__Problem details__: What you return should be every line below, word for word, and none of the images.

** Information provided follows **

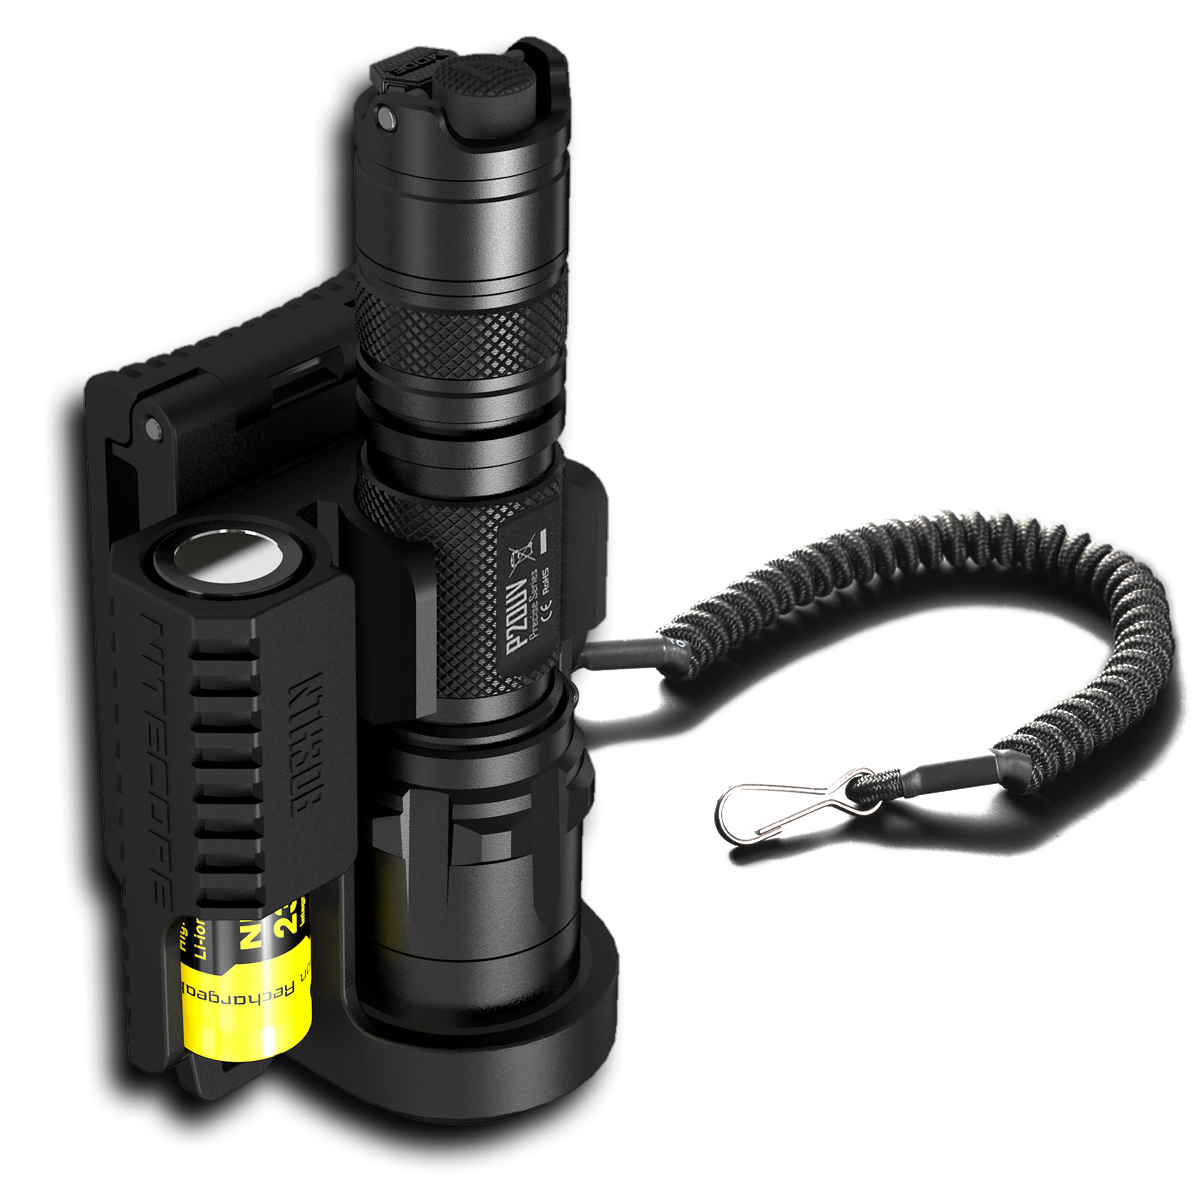 Discount NITECORE P20 P20UV Tactical LED Flashlight Waterproof Outdoor Camp Hunt Portable NTL10+ NTH30B+ 2300mah Battery Package
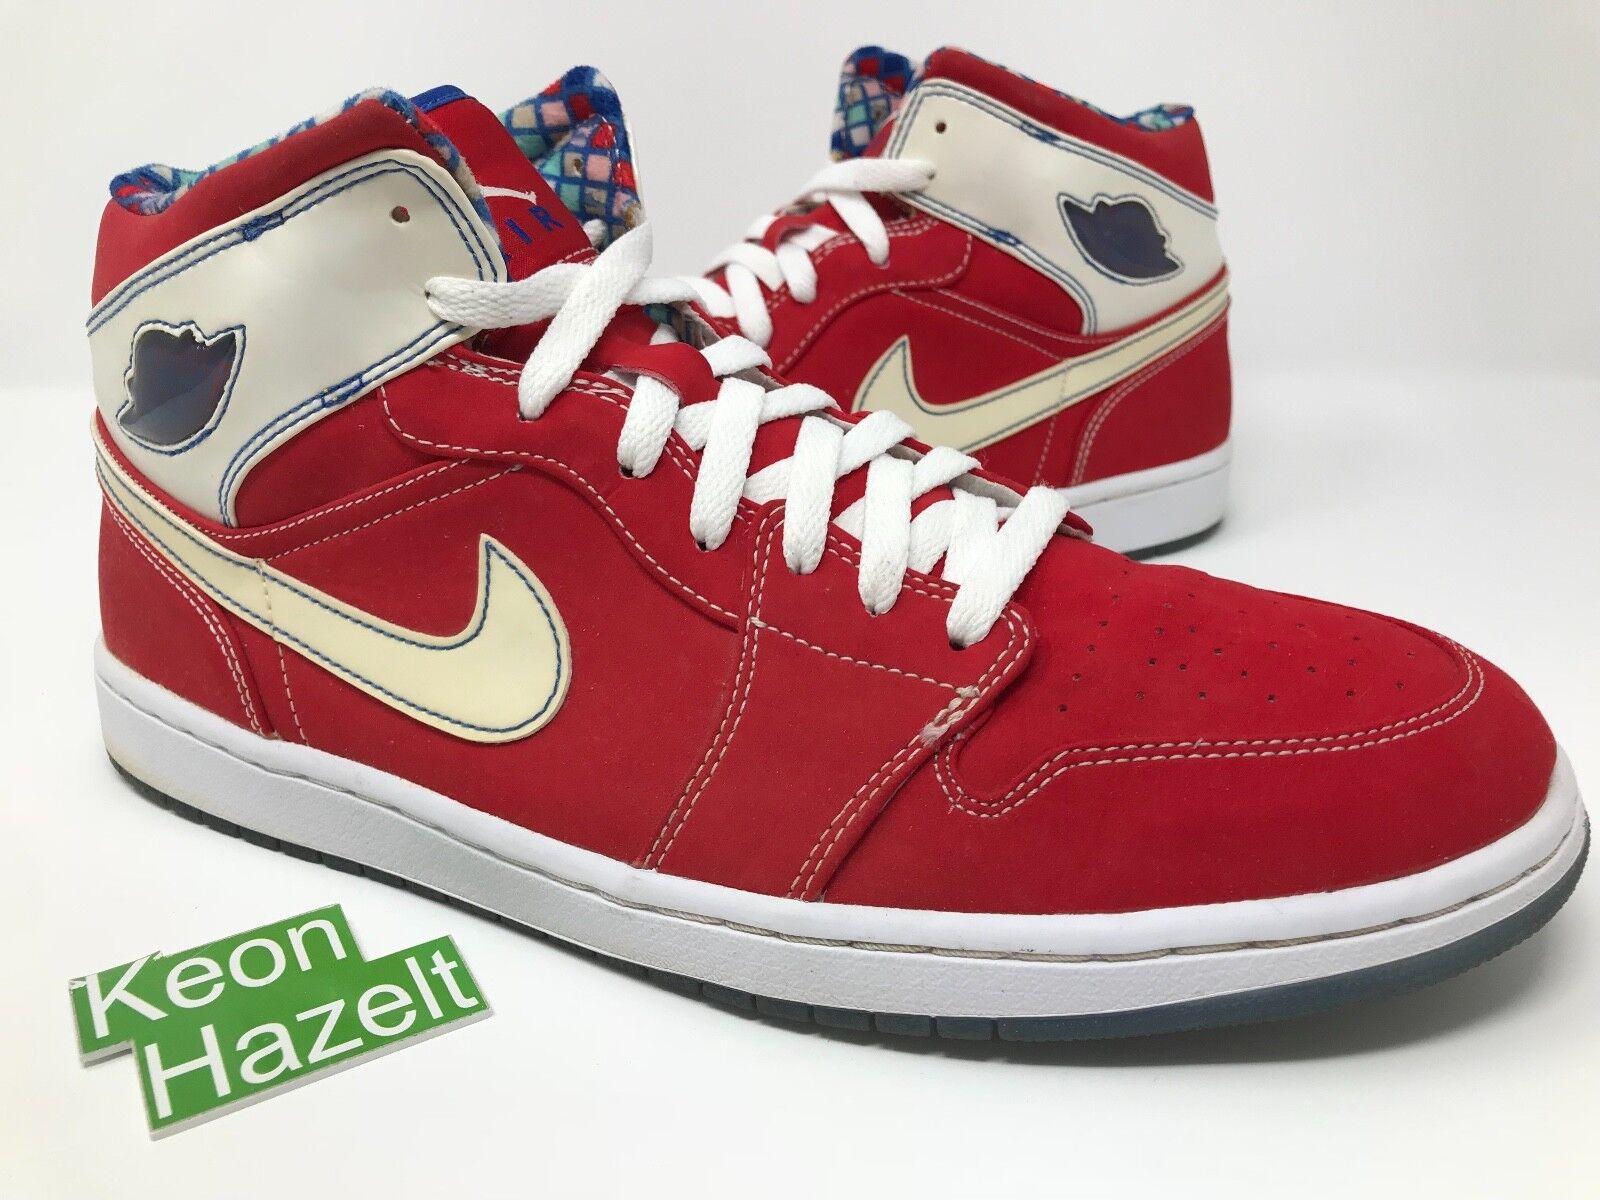 Nike Air Jordan 1 Retro LS Royal Fear Pack OVO Gamma Tgold Bred Cement Sz 13.5
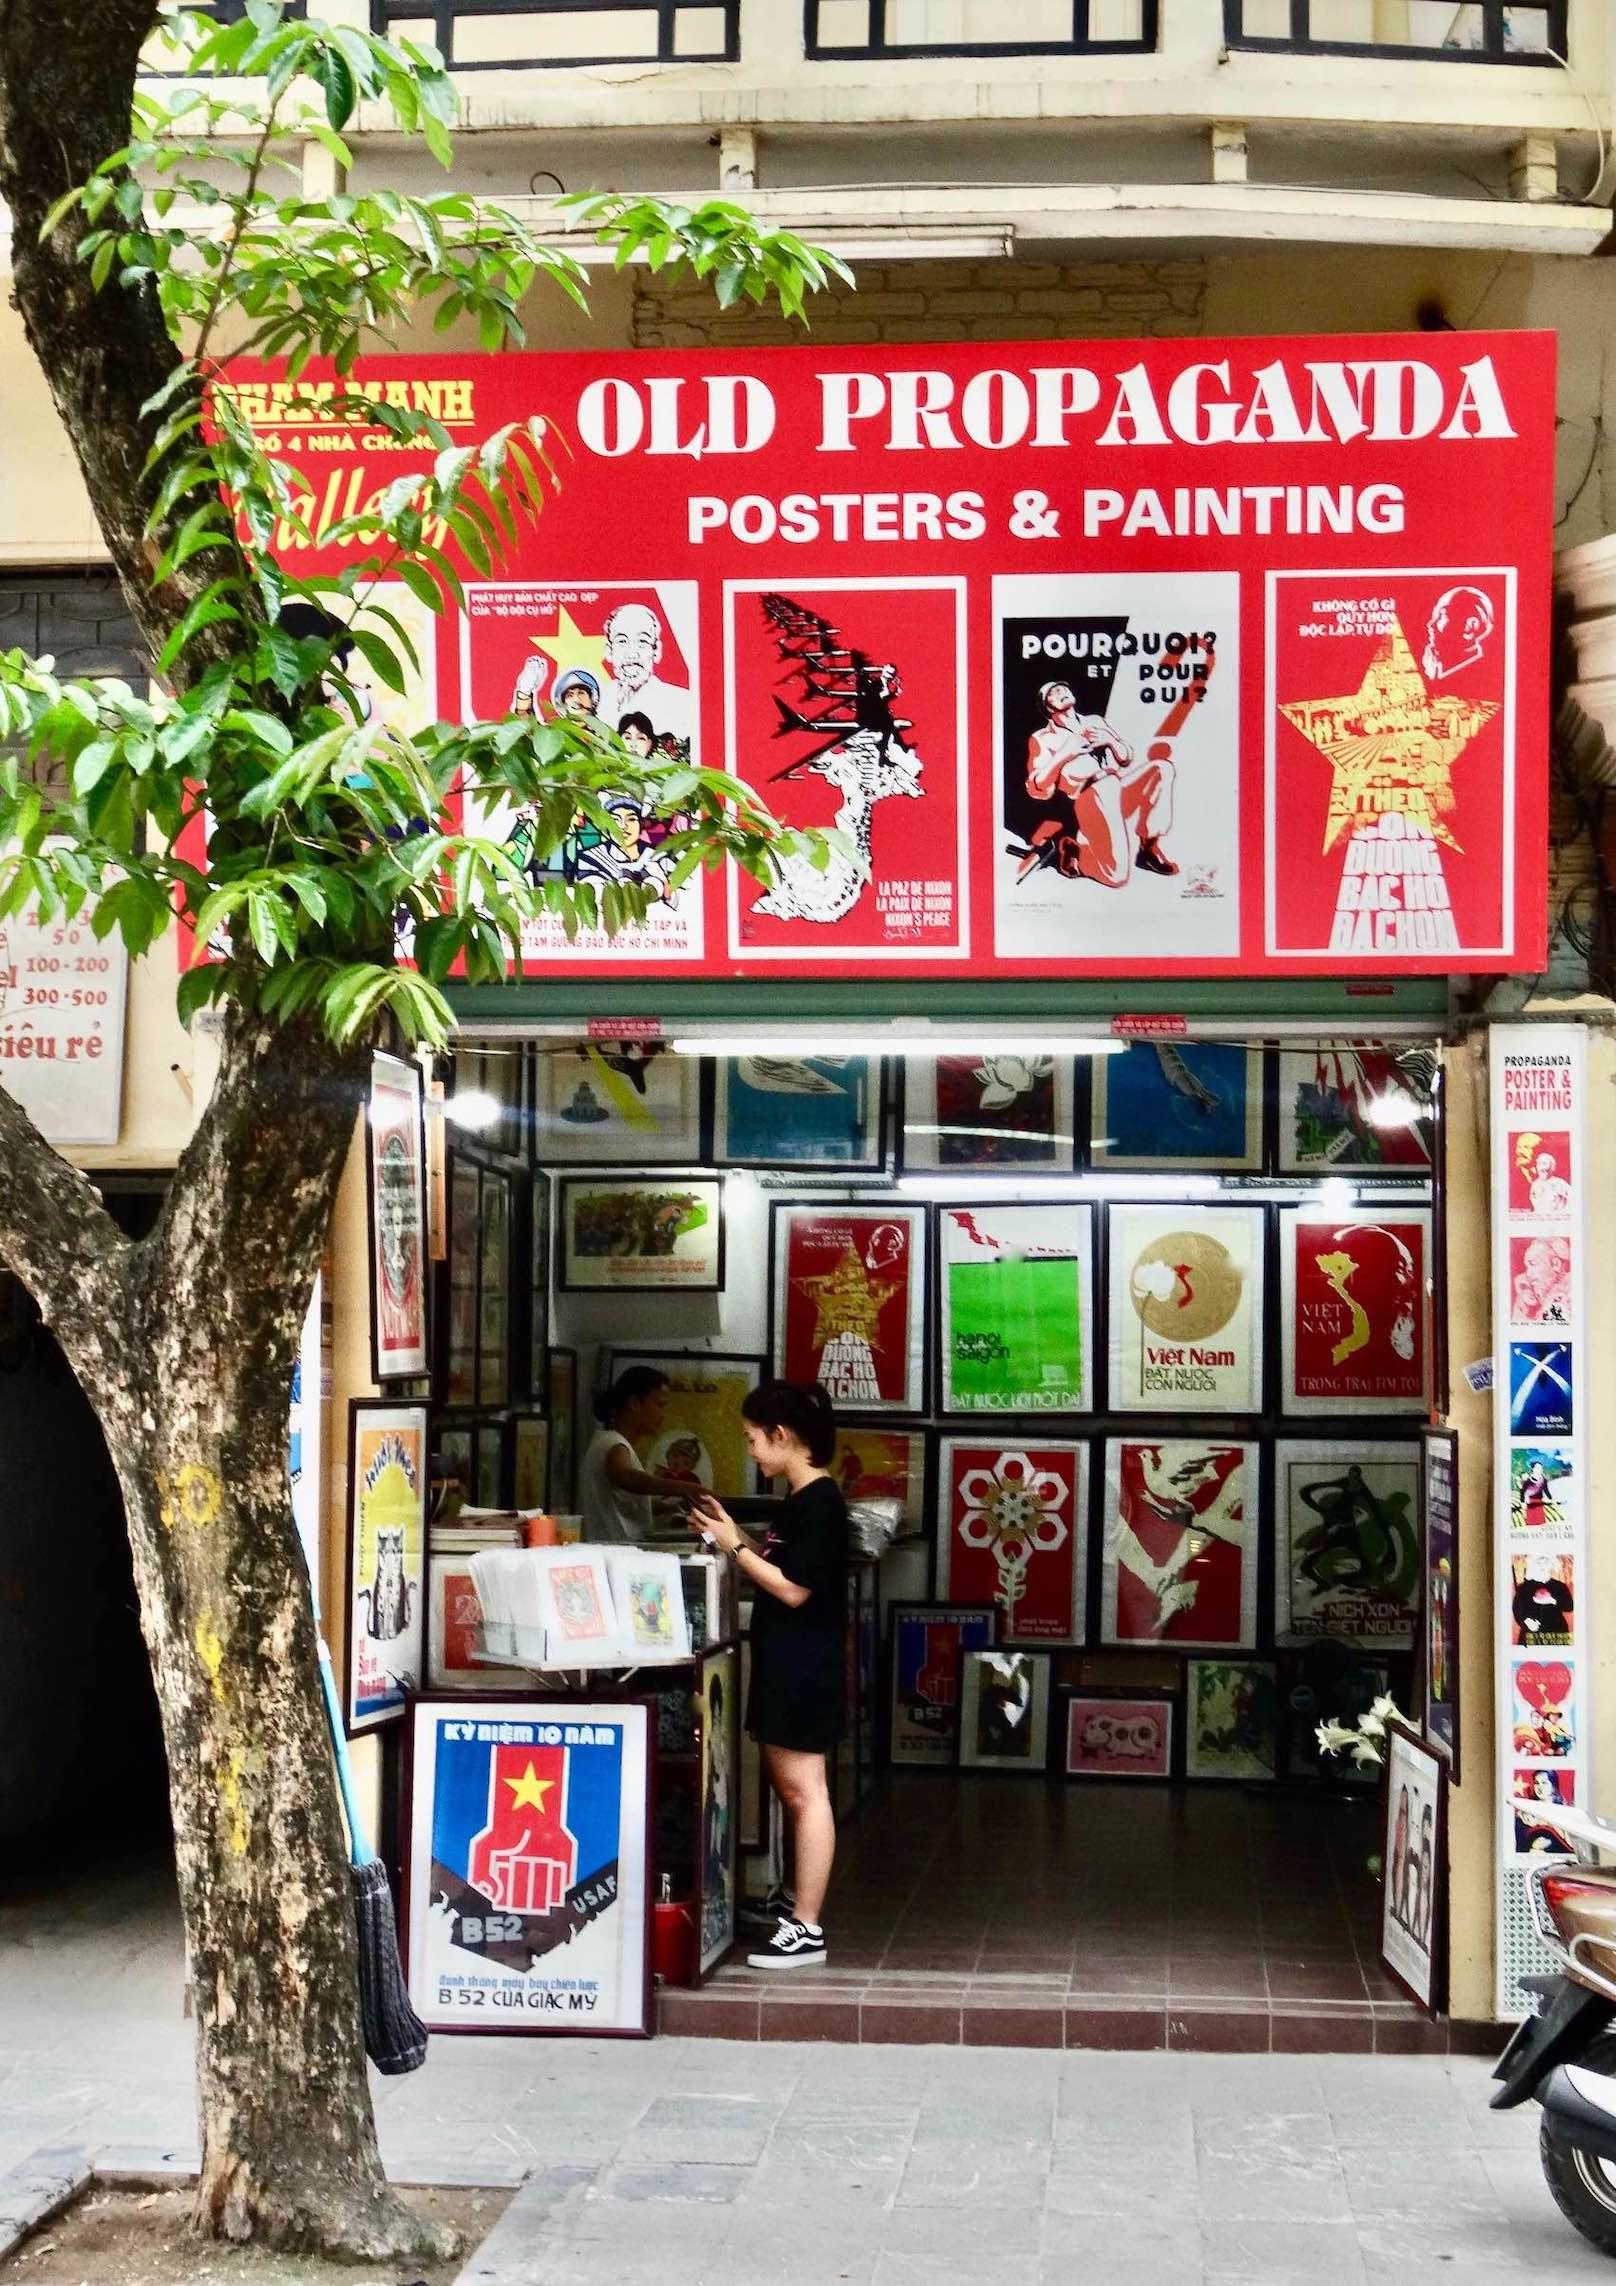 Pham Manh Gallery Propaganda Posters and Paintings Hanoi

** End of Information provided **

__Answer area__:
 Discount NITECORE P20 P20UV Tactical LED Flashlight Waterproof Outdoor Camp Hunt Portable NTL10+ NTH30B+ 2300mah Battery Package
 Nike Air Jordan 1 Retro LS Royal Fear Pack OVO Gamma Tgold Bred Cement Sz 13.5
 Pham Manh Gallery Propaganda Posters and Paintings Hanoi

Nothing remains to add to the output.